» EXERCISE
Every line from the one holding "Tennis ITF Tournaments" through the one holding "persona trabajando en" in the data below must be returned exactly, both ends included, with pictures left out and nothing else added.

» PROVIDED DATA
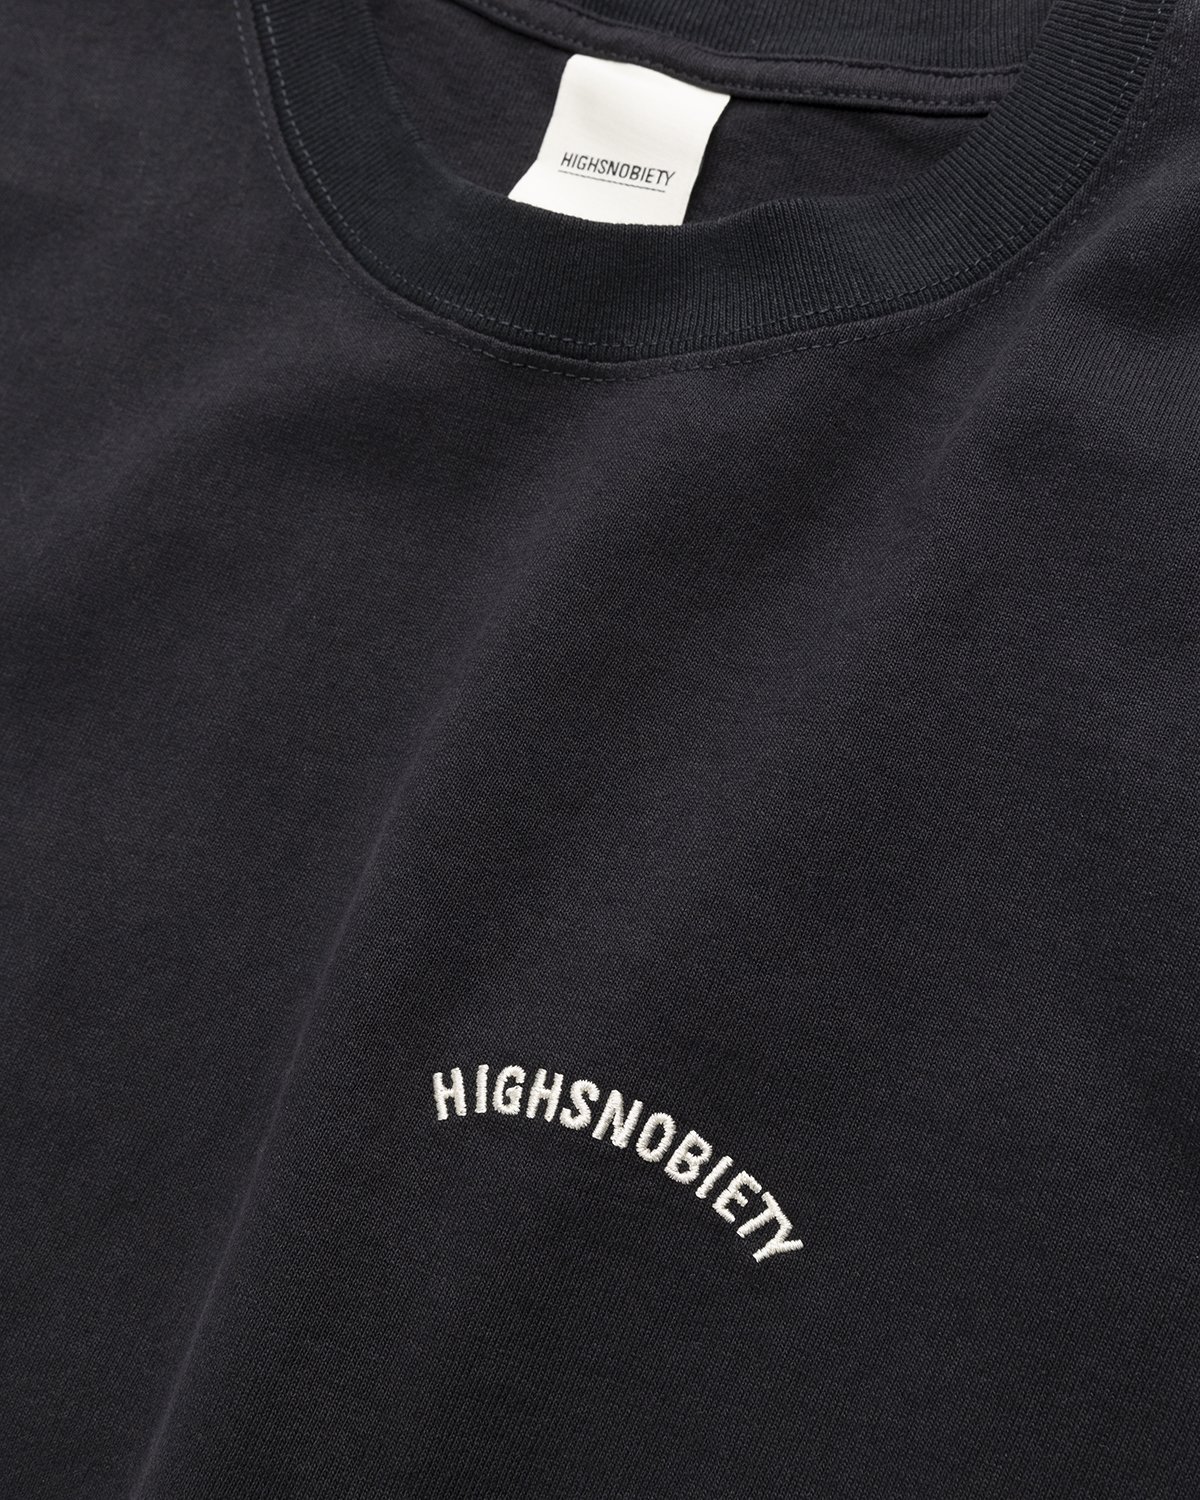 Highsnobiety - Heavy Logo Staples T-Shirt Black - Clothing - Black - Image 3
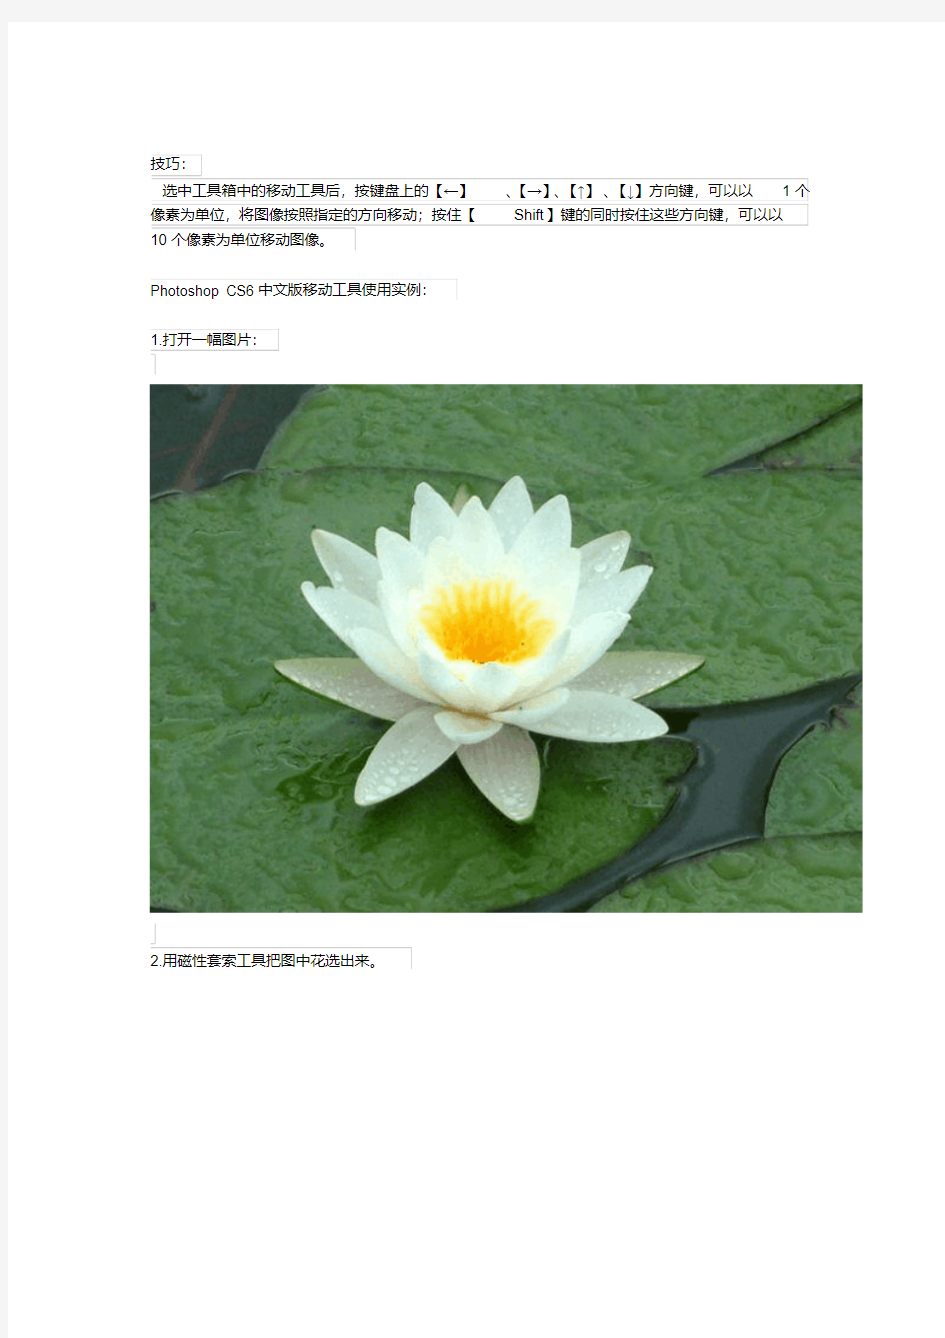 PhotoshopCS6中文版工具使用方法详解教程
* * *
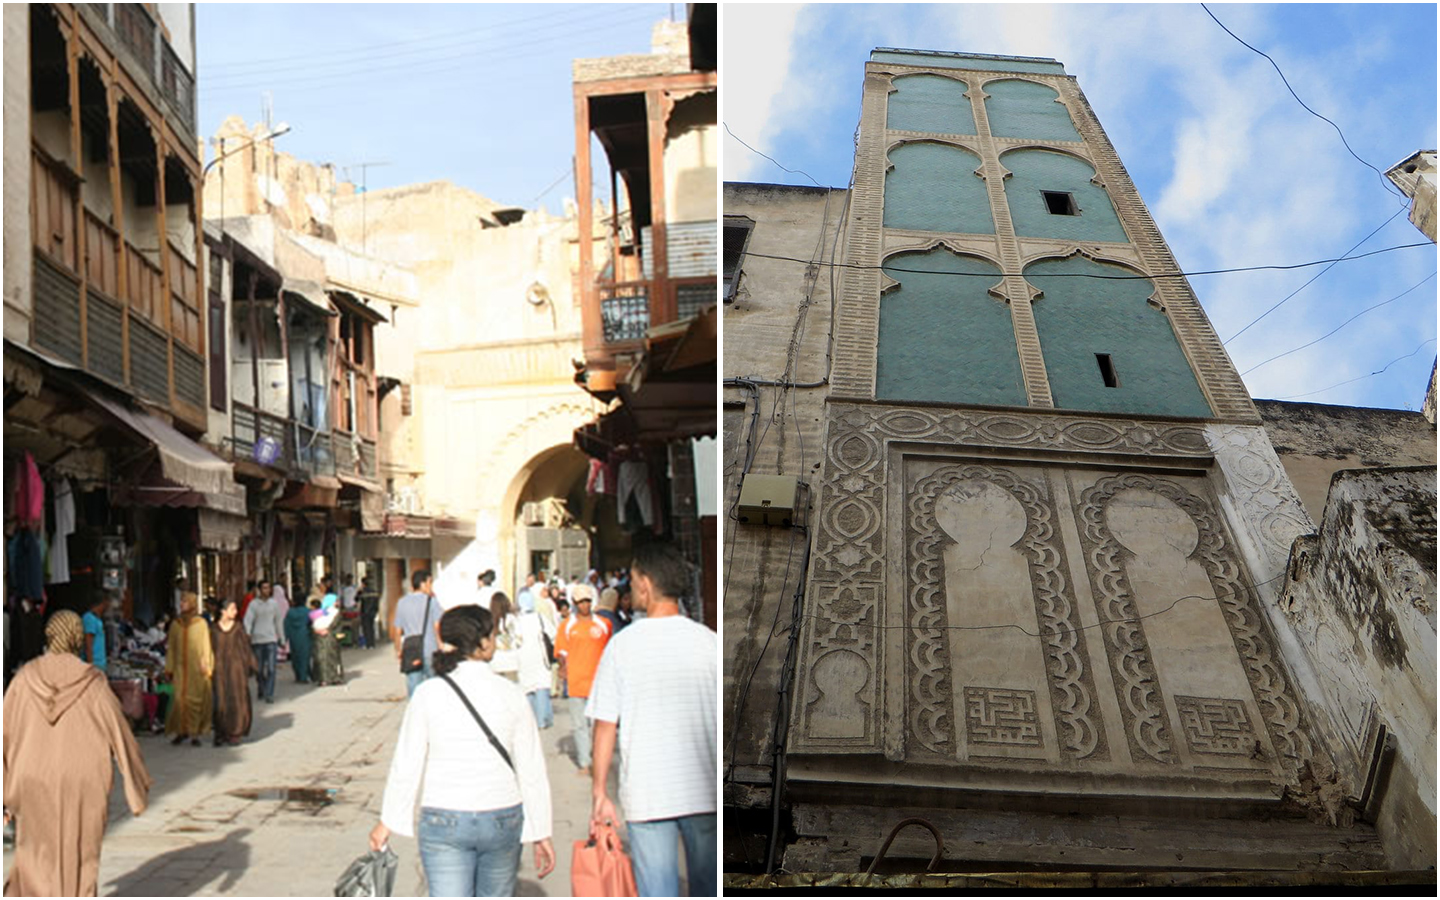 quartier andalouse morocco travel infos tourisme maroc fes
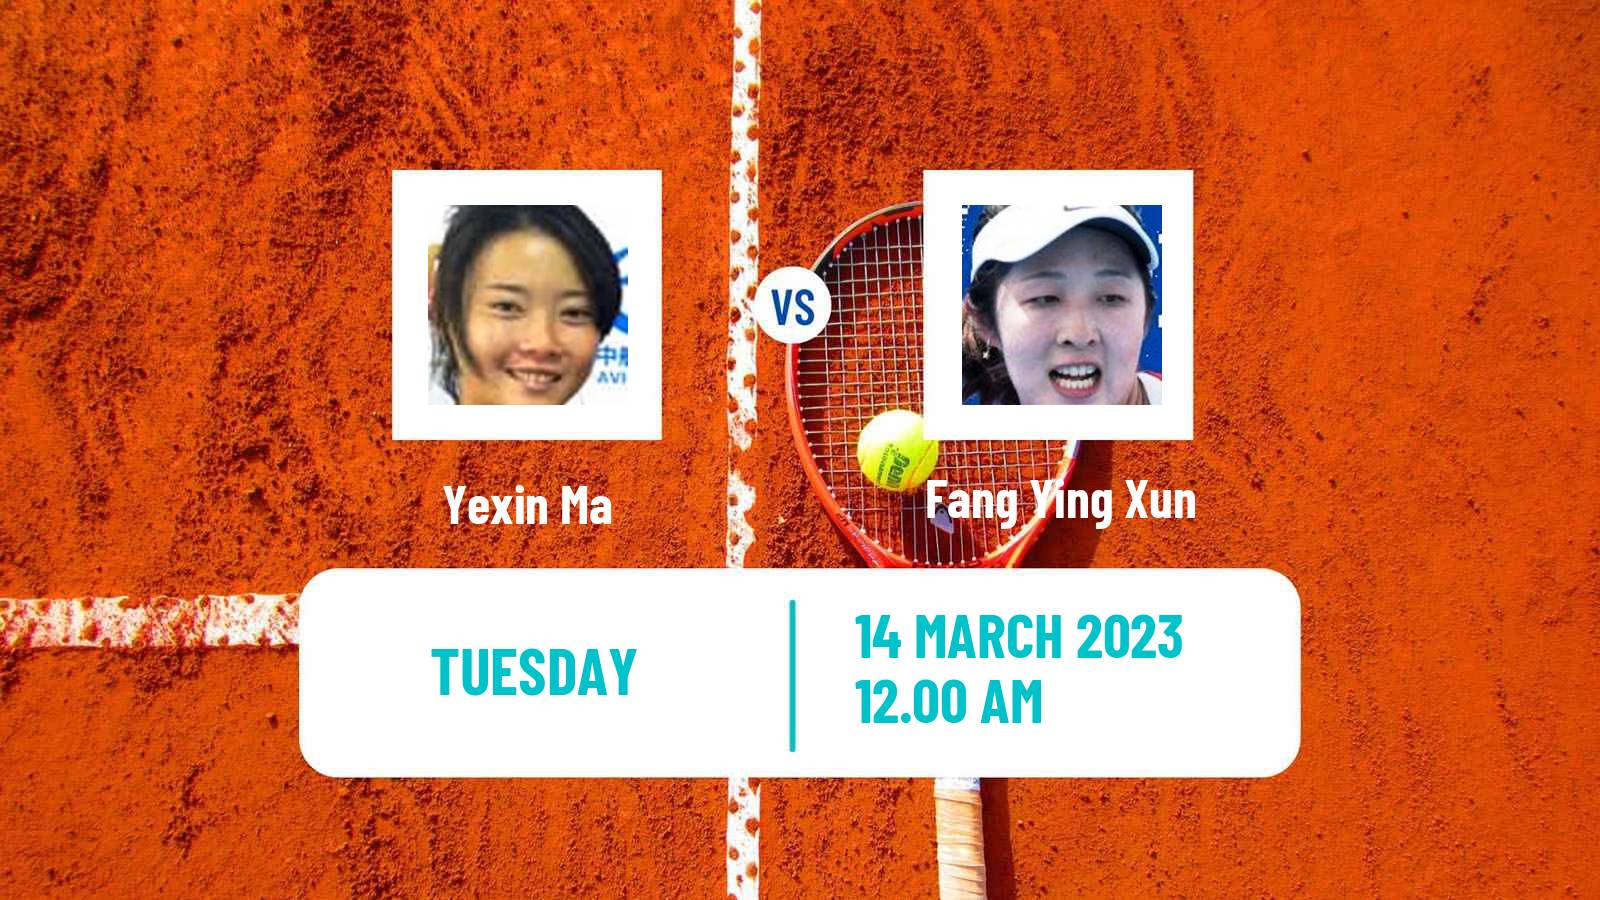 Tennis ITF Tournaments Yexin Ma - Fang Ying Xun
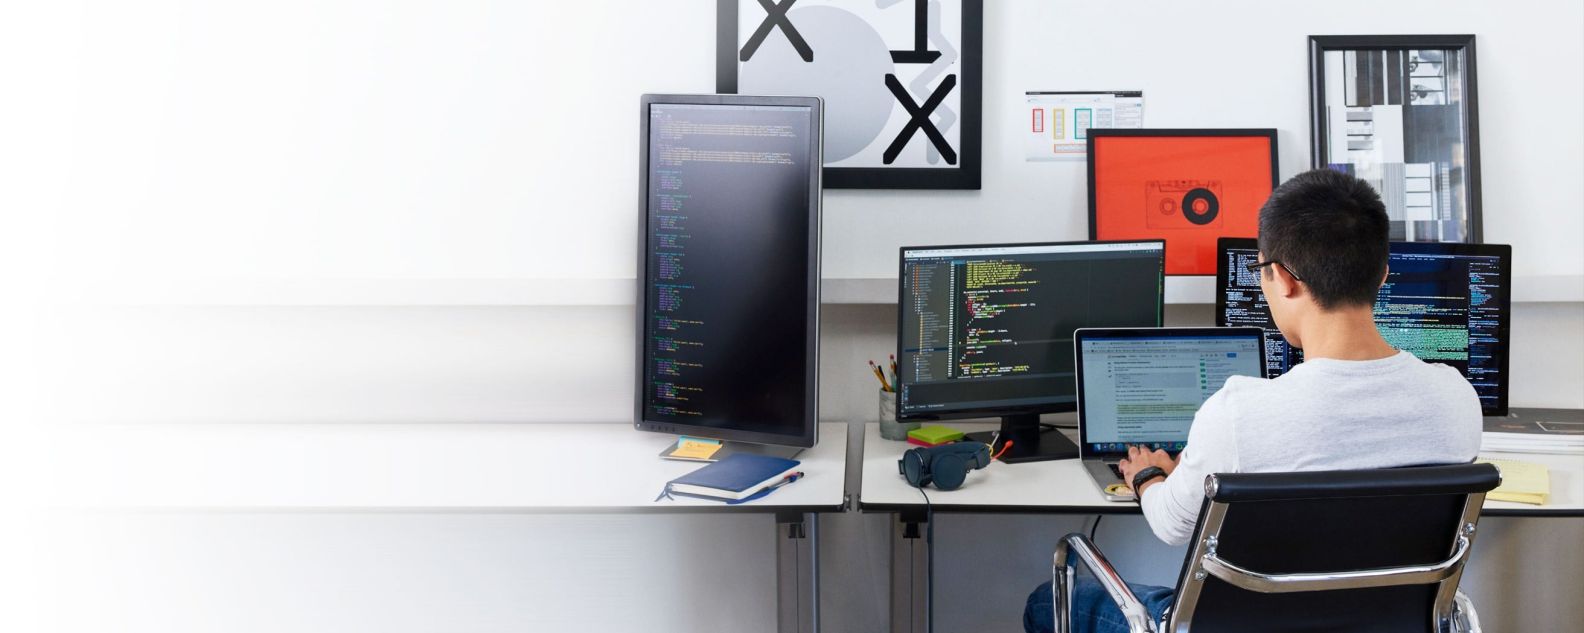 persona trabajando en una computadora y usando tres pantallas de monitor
==
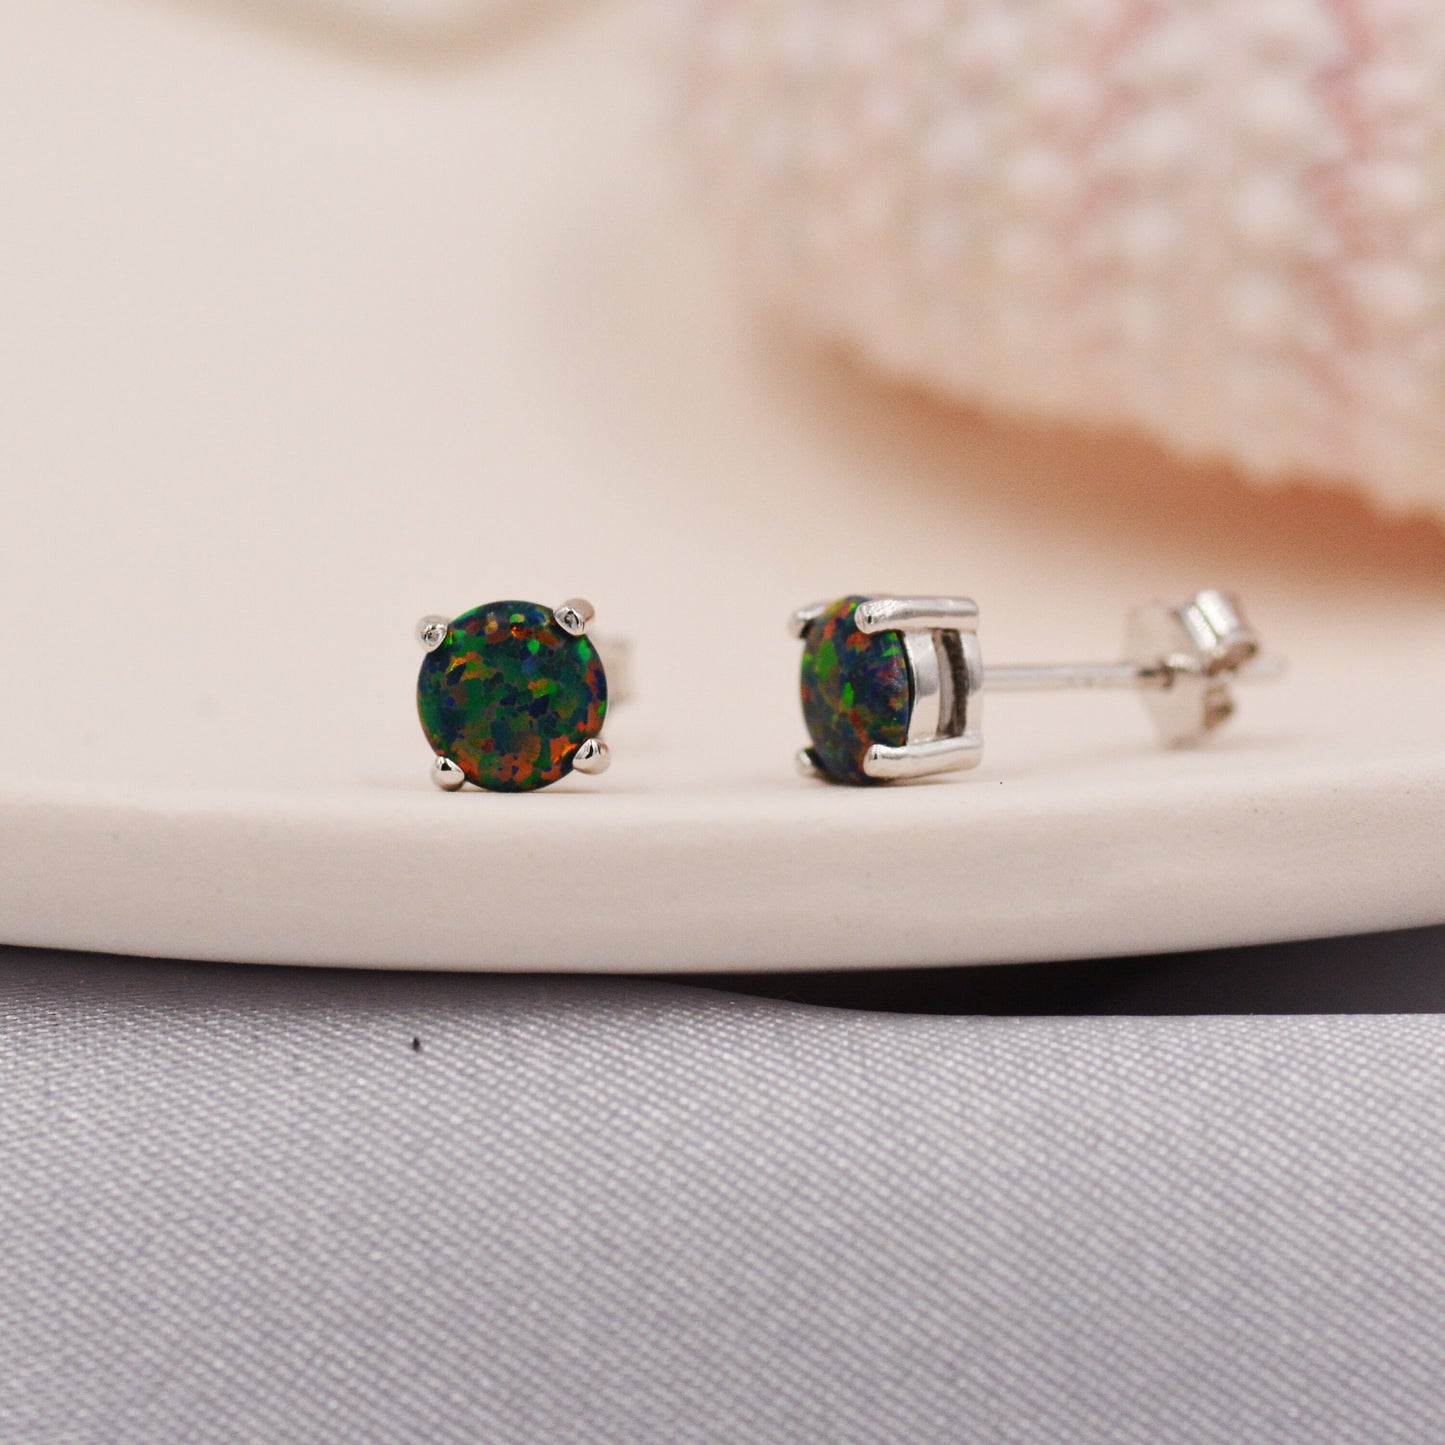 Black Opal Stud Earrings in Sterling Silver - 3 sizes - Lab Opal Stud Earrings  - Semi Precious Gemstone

» YOUR SOLUTION
 Tennis ITF Tournaments Yexin Ma - Fang Ying Xun
 persona trabajando en una computadora y usando tres pantallas de monitor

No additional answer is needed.